Data:
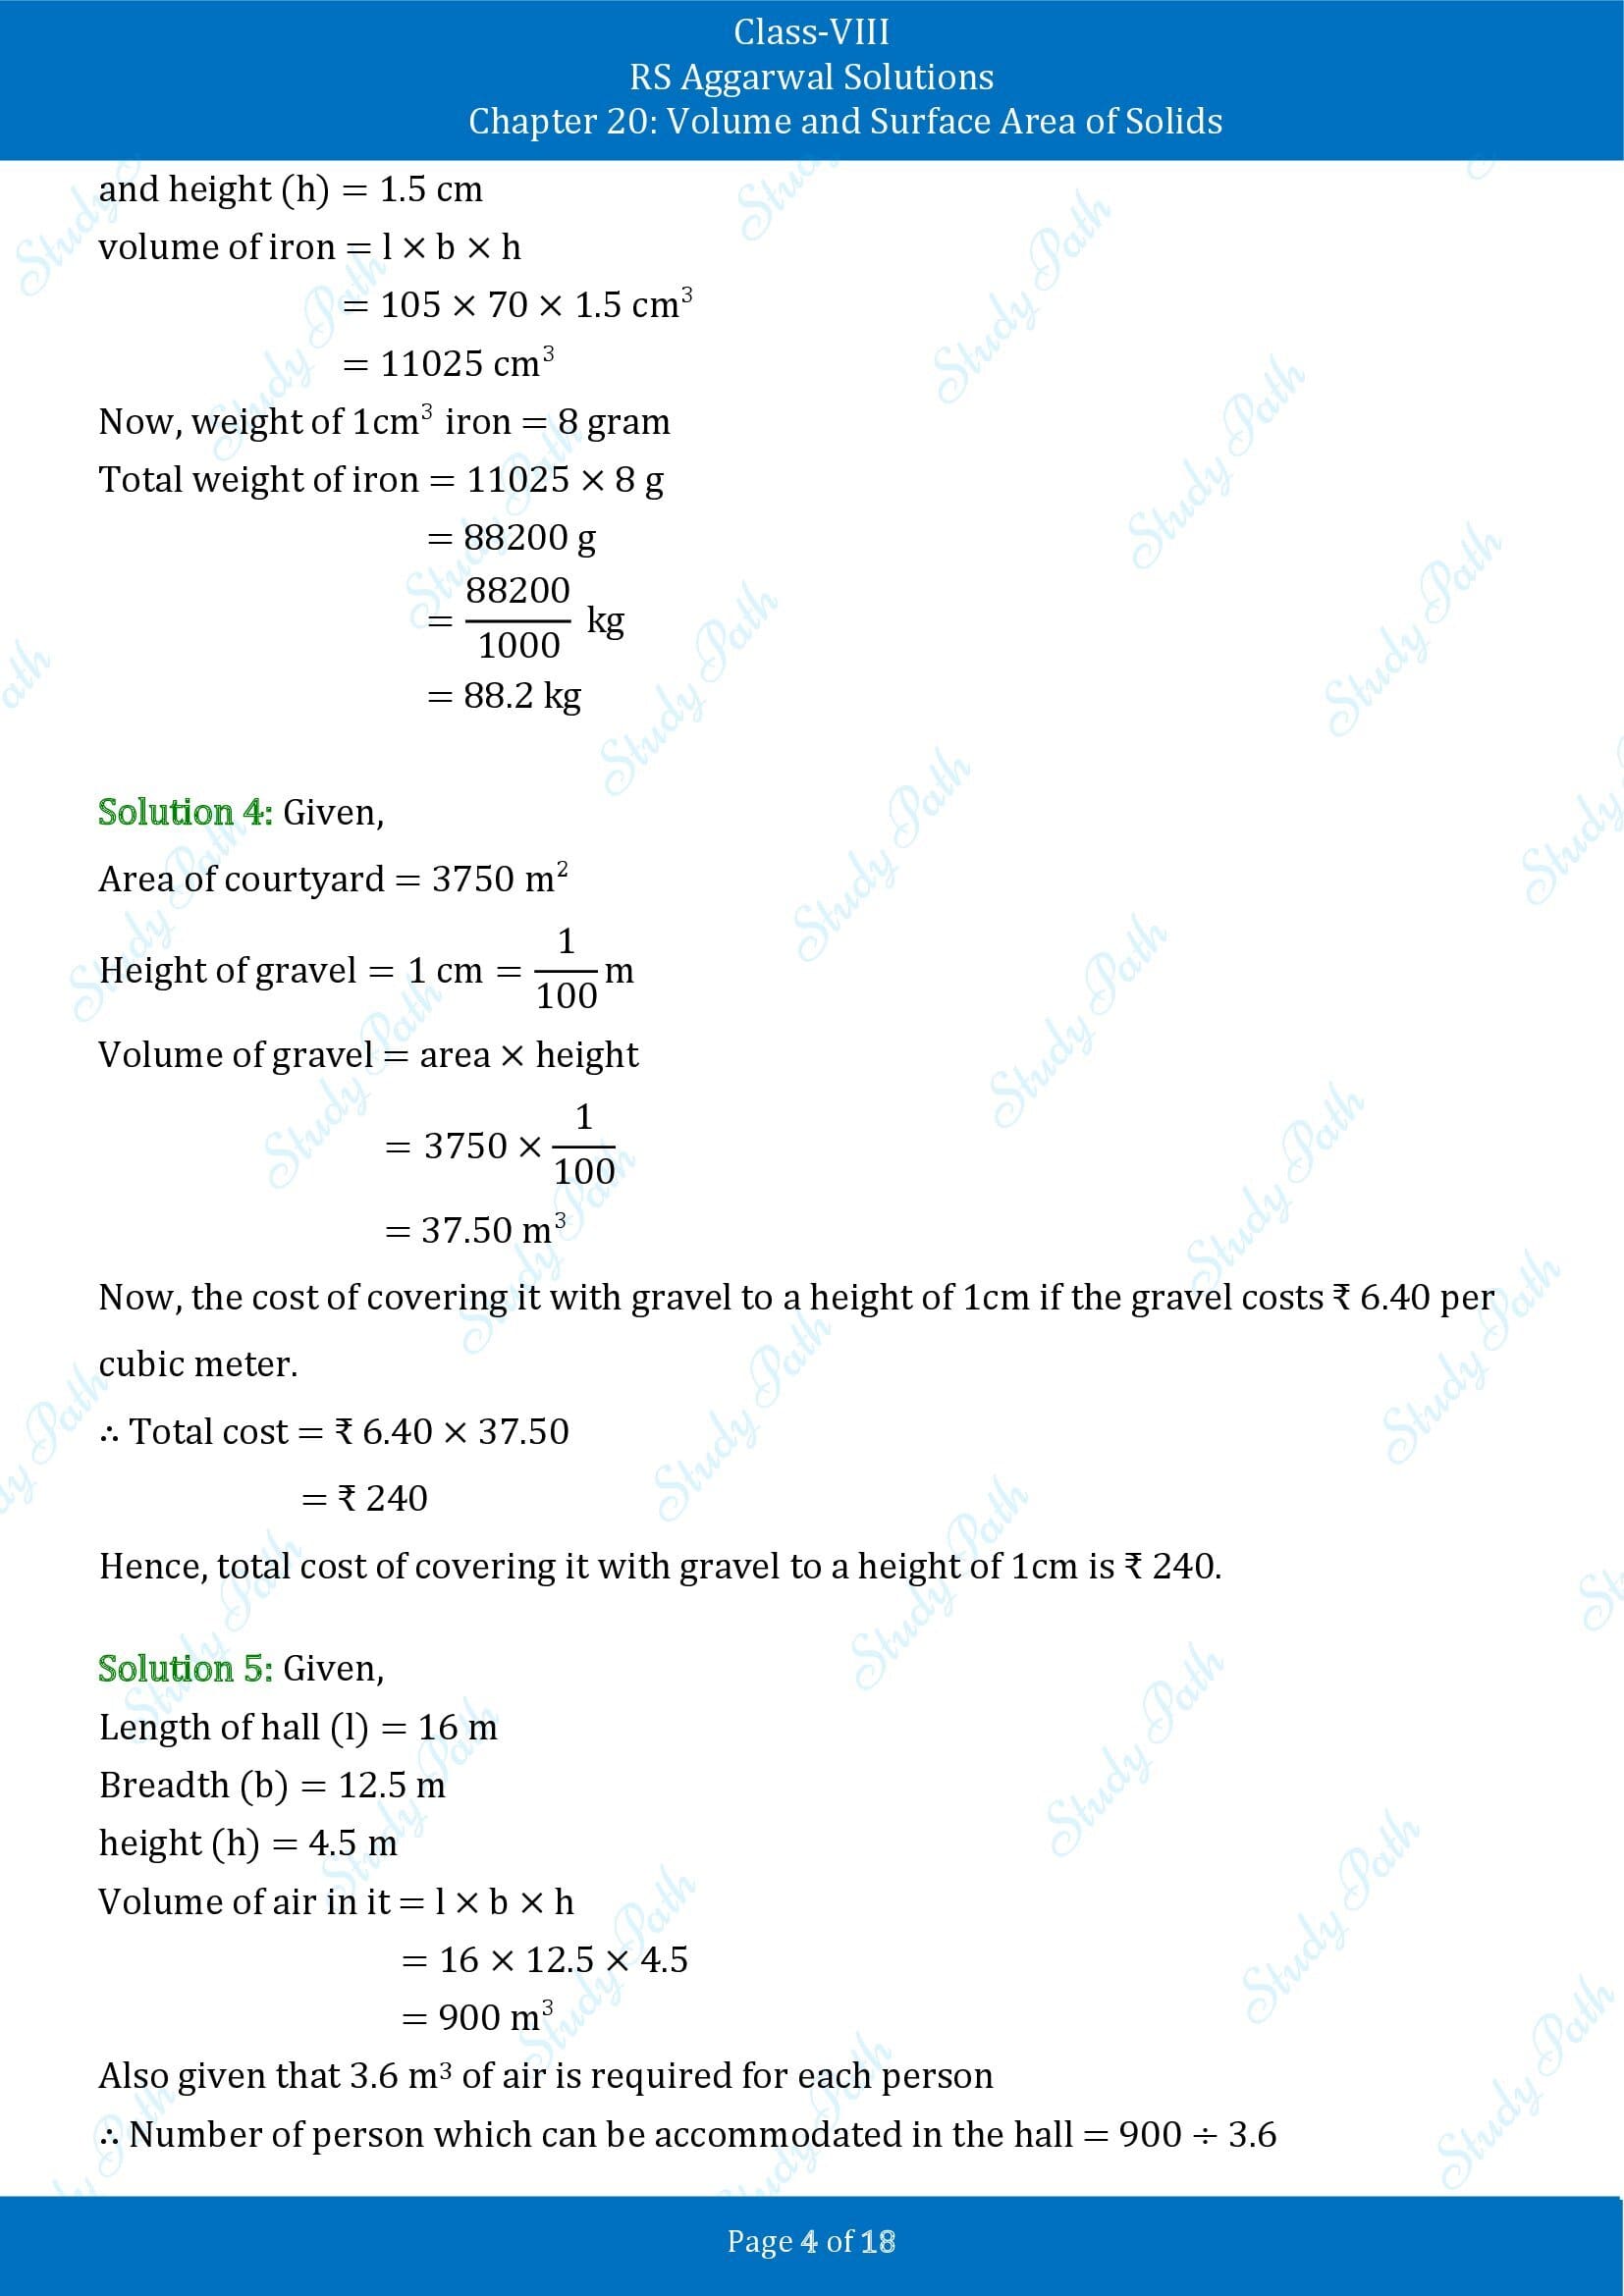 RS Aggarwal Solutions Class 8 Chapter 20 Volume and Surface Area of Solids Exercise 20A 00004
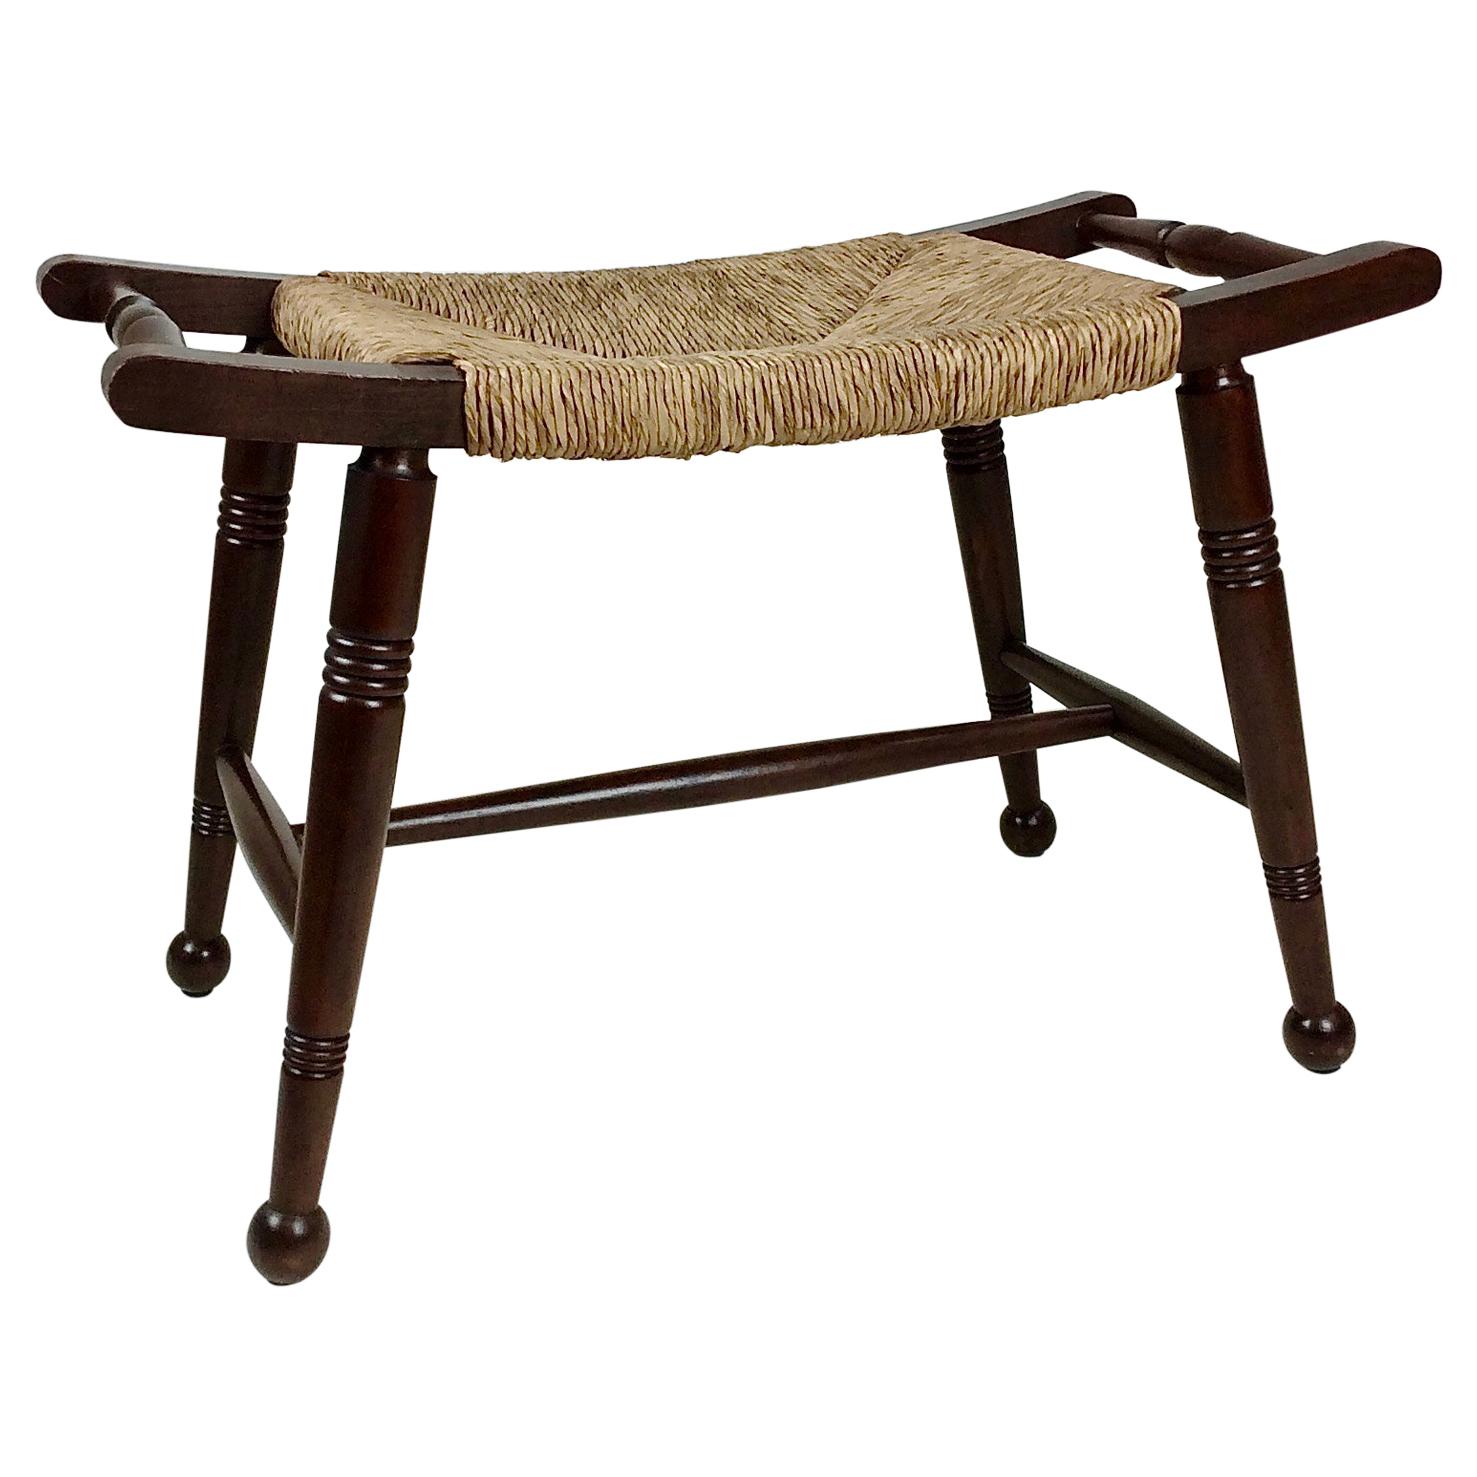 Elegant early 20th century stool, United Kingdom.
Dark turned wood, straw seat.
Good original condition.
Dimensions: 68 cm W, 37 cm D, 46 cm H, seat height: 43 cm.
All purchases are covered by our Buyer Protection Guarantee.
This item can be
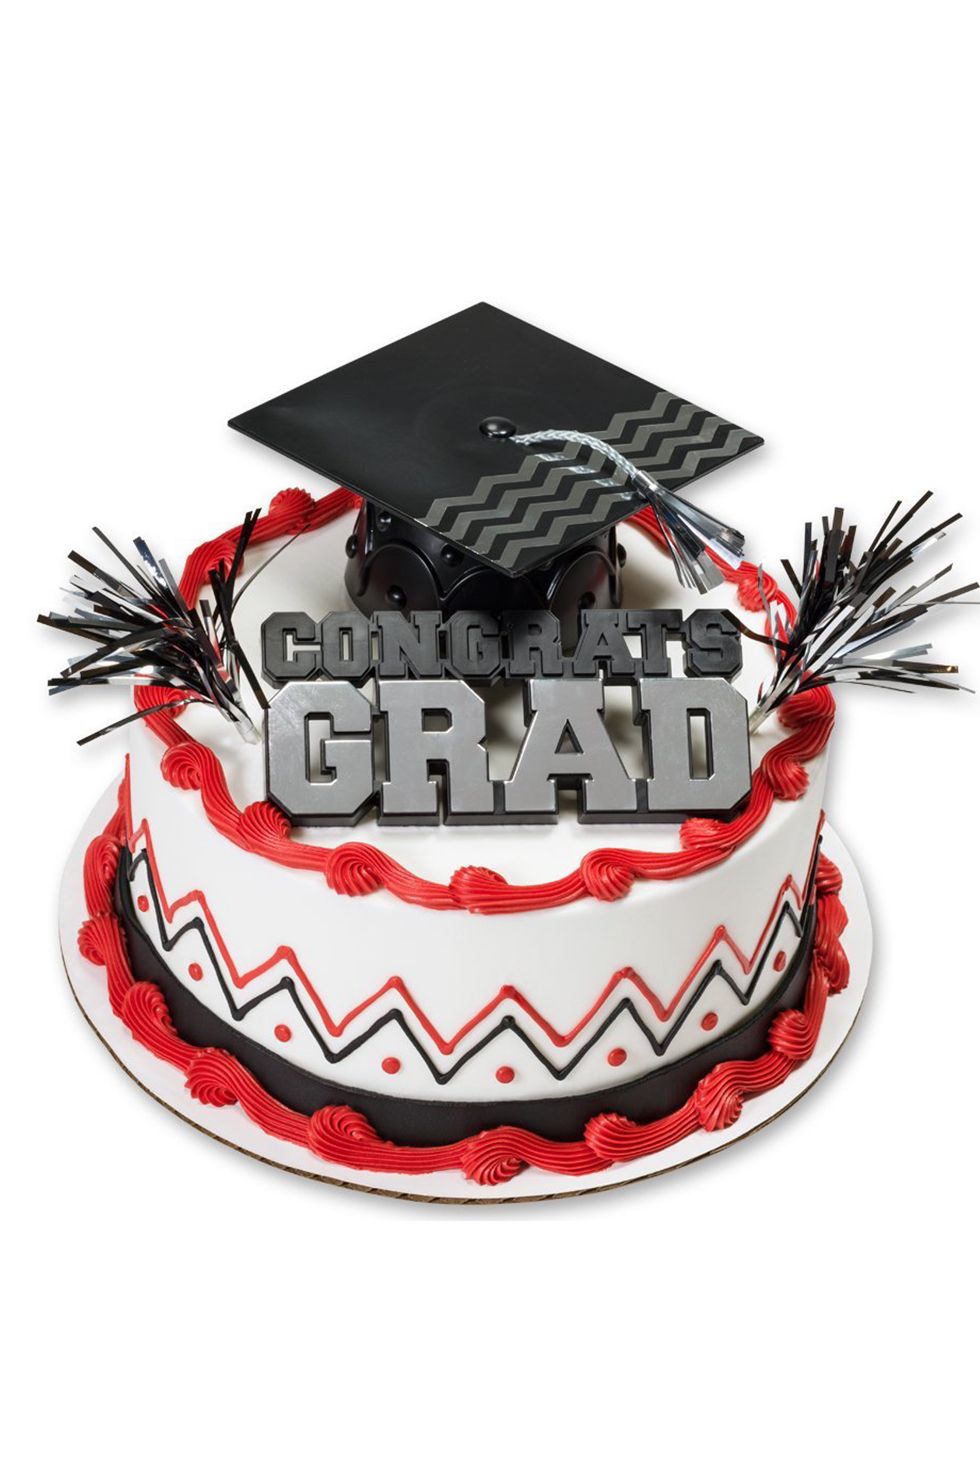 15 Easy Graduation Cake Ideas 2018 Decorations For High School And College Cakes

Task prompt:
Every line from the one with "Dark turned wood, straw seat." through the last line of the listing above must be written out exactly, and no picture may appear.

Your response:
Dark turned wood, straw seat.
Good original condition.
Dimensions: 68 cm W, 37 cm D, 46 cm H, seat height: 43 cm.
All purchases are covered by our Buyer Protection Guarantee.
This item can be
 15 Easy Graduation Cake Ideas 2018 Decorations For High School And College Cakes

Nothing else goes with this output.